Variation of the carcass should not be underestimated. One of the greatest challenges in automation is the varying size and shape of livestock. Variable products require flexible processing technology.
“We found we needed x-ray to be able to ‘see’ everything and provide correct data to the cutting machines,” says Seaton. “And some things can really catch you out – like when rib counting. Most had assumed lamb were 13 rib animals, but actually about 15 percent are either 12 or 14 rib animals. Then there are animals with more ribs on one side than the other, or variations brought on at the plant, for example a leg has been removed for a cyst or the like, and the x-ray may then struggle to identify key features.”
However, with the introduction of technologies such as x-ray, ultrasound and enhanced vision systems, automation solutions are starting to handle more diverse carcass shapes.
Scott Technology has solved variable lamb carcass problems through mechatronic solutions that adjust the most extreme carcass variations through measuring carcass dimensions with X-ray technology. “Lamb is a young animal and there’s going to be rib variation. You do need to know how many ribs there are but sometimes it’s not clear whether you’d call something – which can be really small – a rib or not. It needs to be done on a case by case basis, and that’s a challenge. Through our x-ray technology we have the ability to spot the carcass that is not going to work through the automation, so in the process we can take them off before they get to the cutting machinery, and process them manually.”

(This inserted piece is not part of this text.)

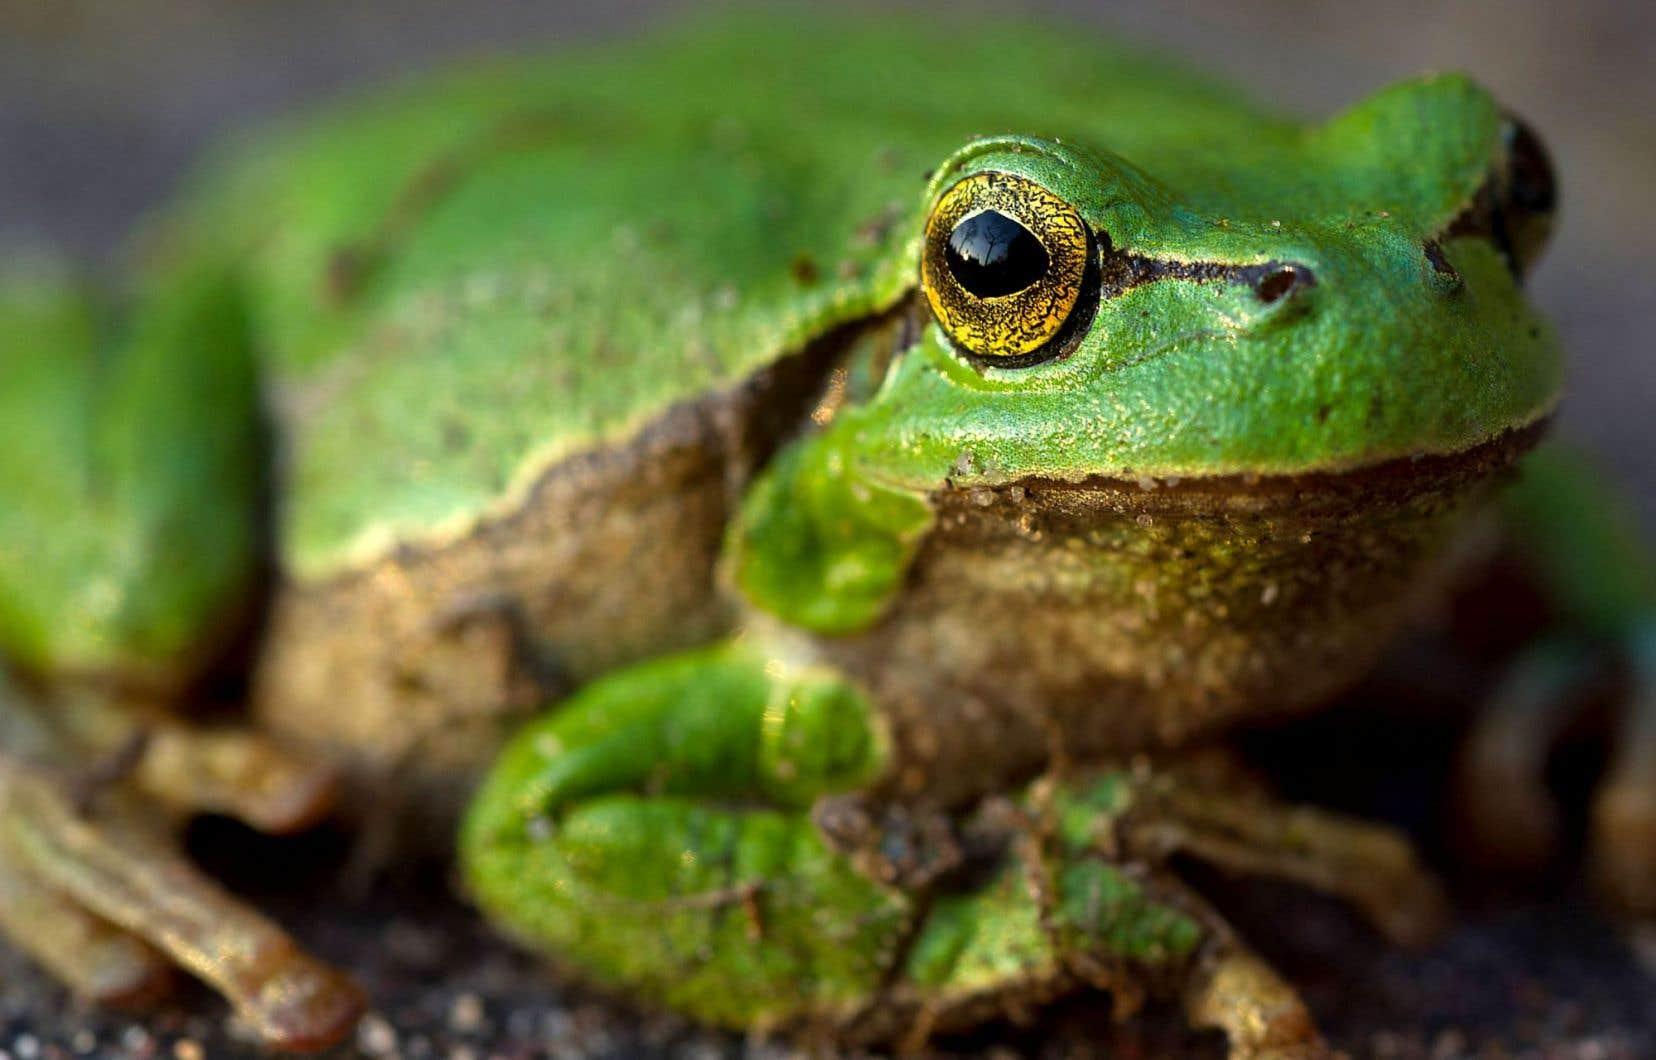 Al Gore manie l'allégorie de la grenouille pour parler de notre indifférence au changement climatique.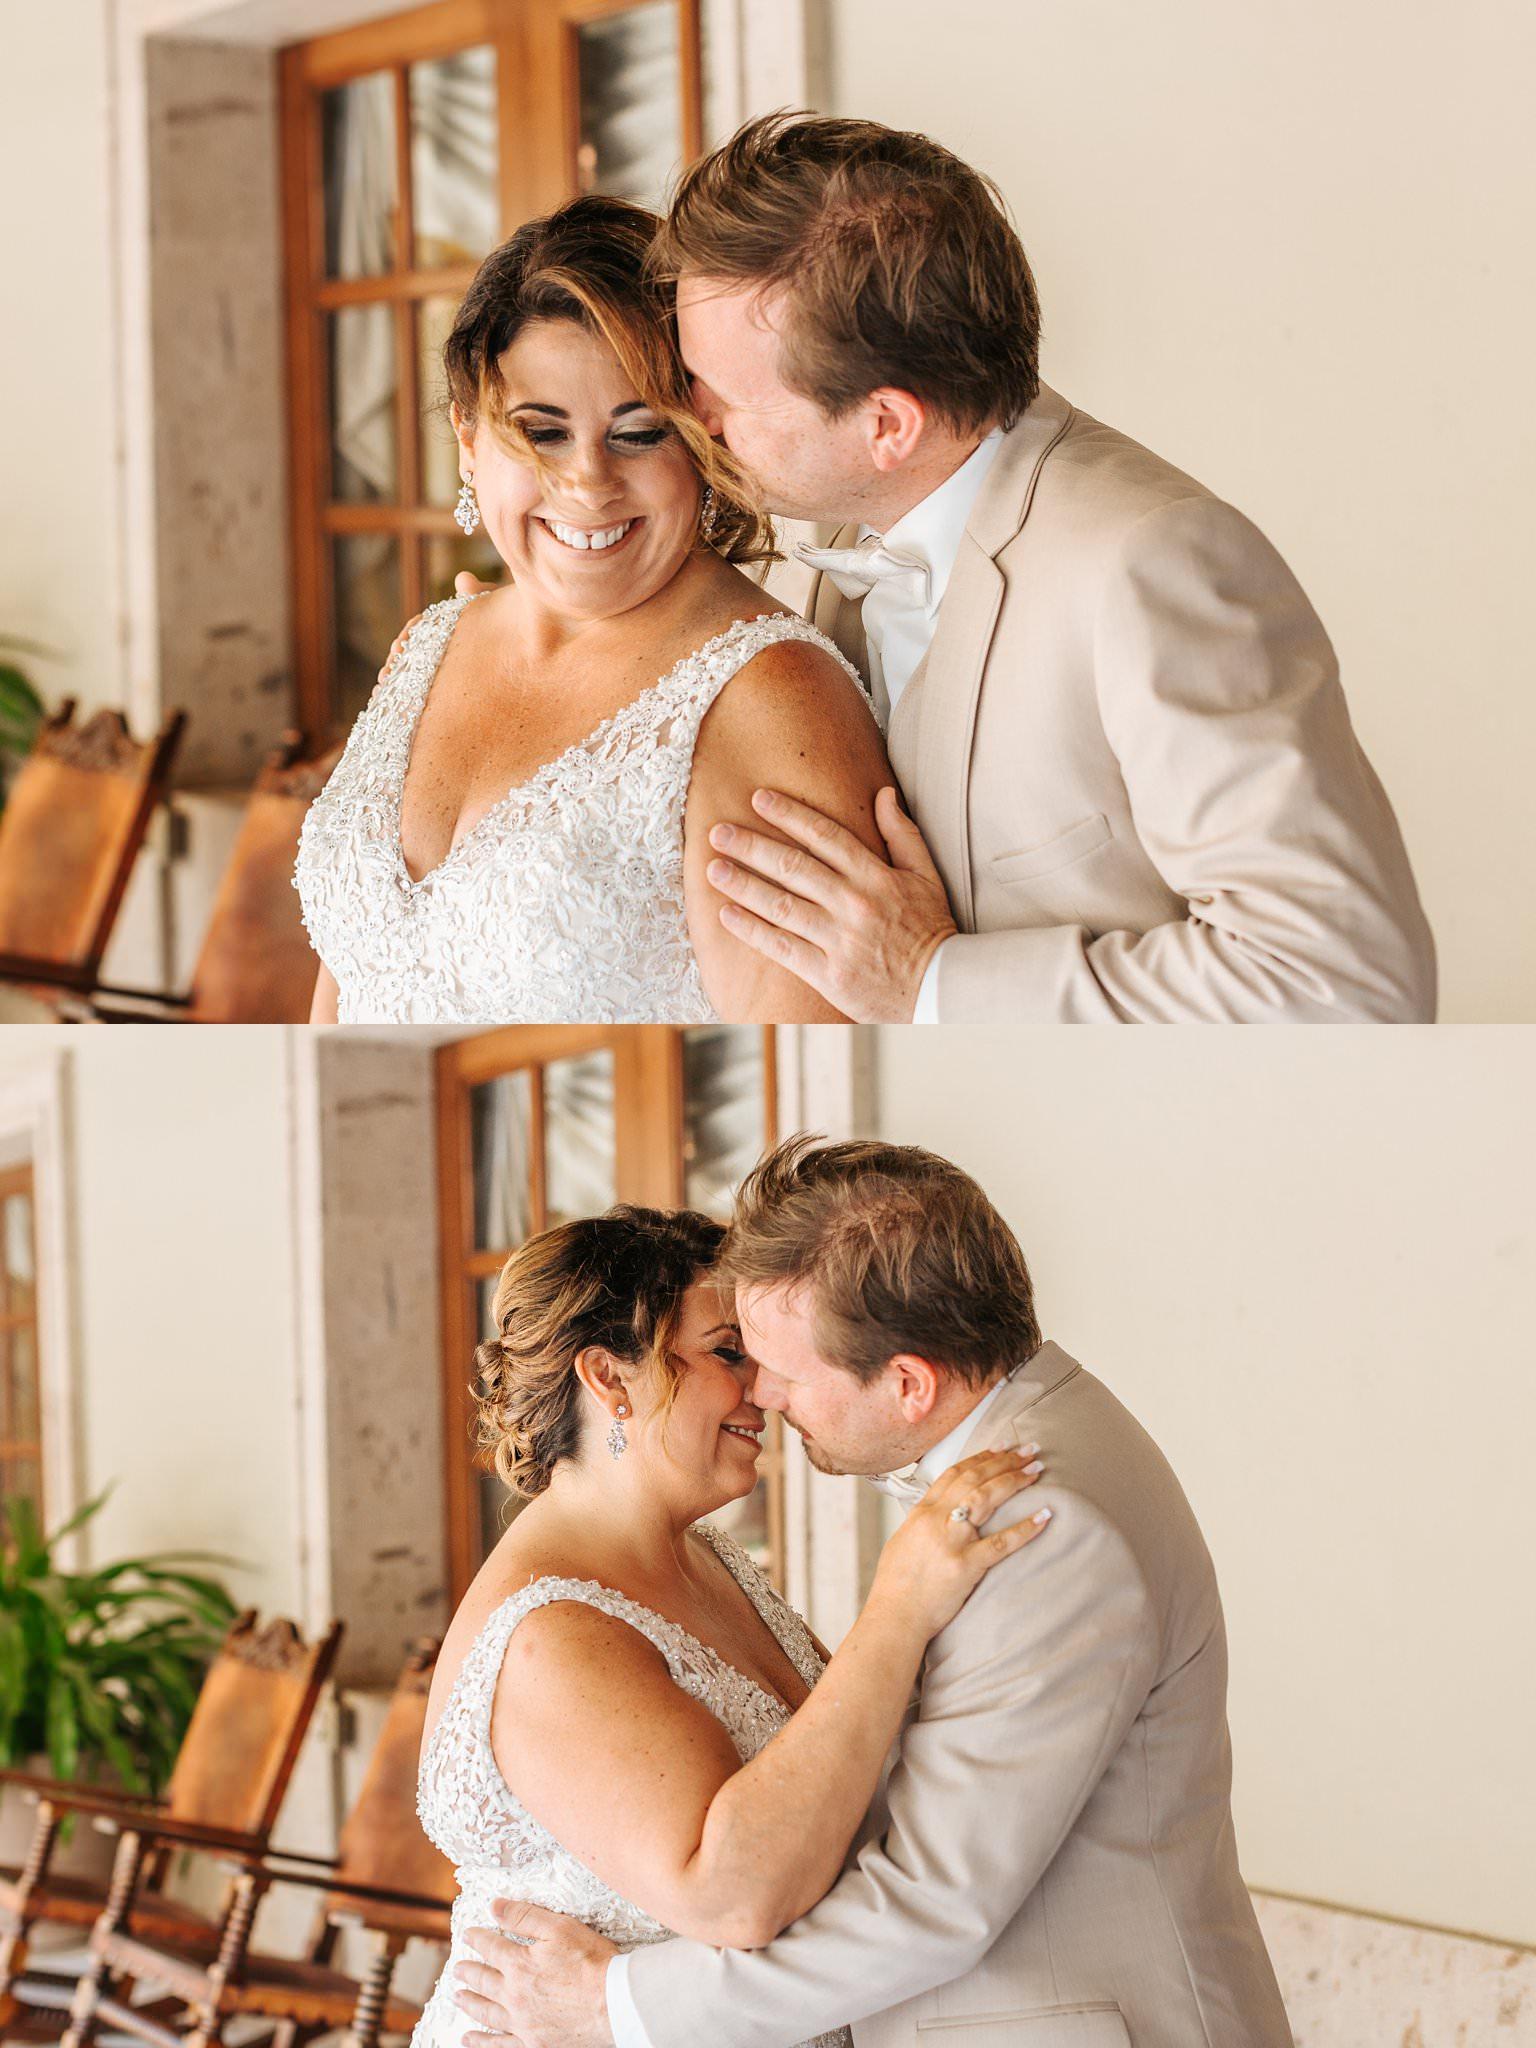 Cabo Resort Wedding - Pueblo Bonito Resort Wedding in Cabo, Mexico - https://brittneyhannonphotography.com

Another challenge surrounds equipment longevity and manufacturing flexibility. When investment is being made in machines, processors are looking to maximise how automation can be used and to ensure their investment is for the long term, capable of handling current requirements but also potential future requirements.
Automation has much to offer meat processing operations. In order for automated systems to be widespread, suppliers will need to work in close partnership with processors. “A lot of these automation projects are custom built and cannot be copied one to one to other projects,” says Smet. “I believe that the meat industry will have to define and develop with their suppliers’ automation projects. So it is important to choose a reliable and proven automation provider since the relationship will have to last for a long time”
References and further reading
Caldwell, D (2012) Robotics and Automation in the Food Industry: Current and Future Technologies, Cambridge: Woodhead Publishing
Devine, C. and Dikeman M. (2004) Encyclopedia of Meat Sciences Series, London: Academic Press
Kerry, J. Kerry, J. and David, L. (2002) Meat Processing: Improving Quality, Cambridge: Woodhead Publishing
Mittal, G. (1997) Computerized Control Systems in the Food Industry, New York: Marcel Dekker
Nollet, L. and Toldra, F. (2006) Advanced Technologies For Meat Processing, Florida: CRC Press.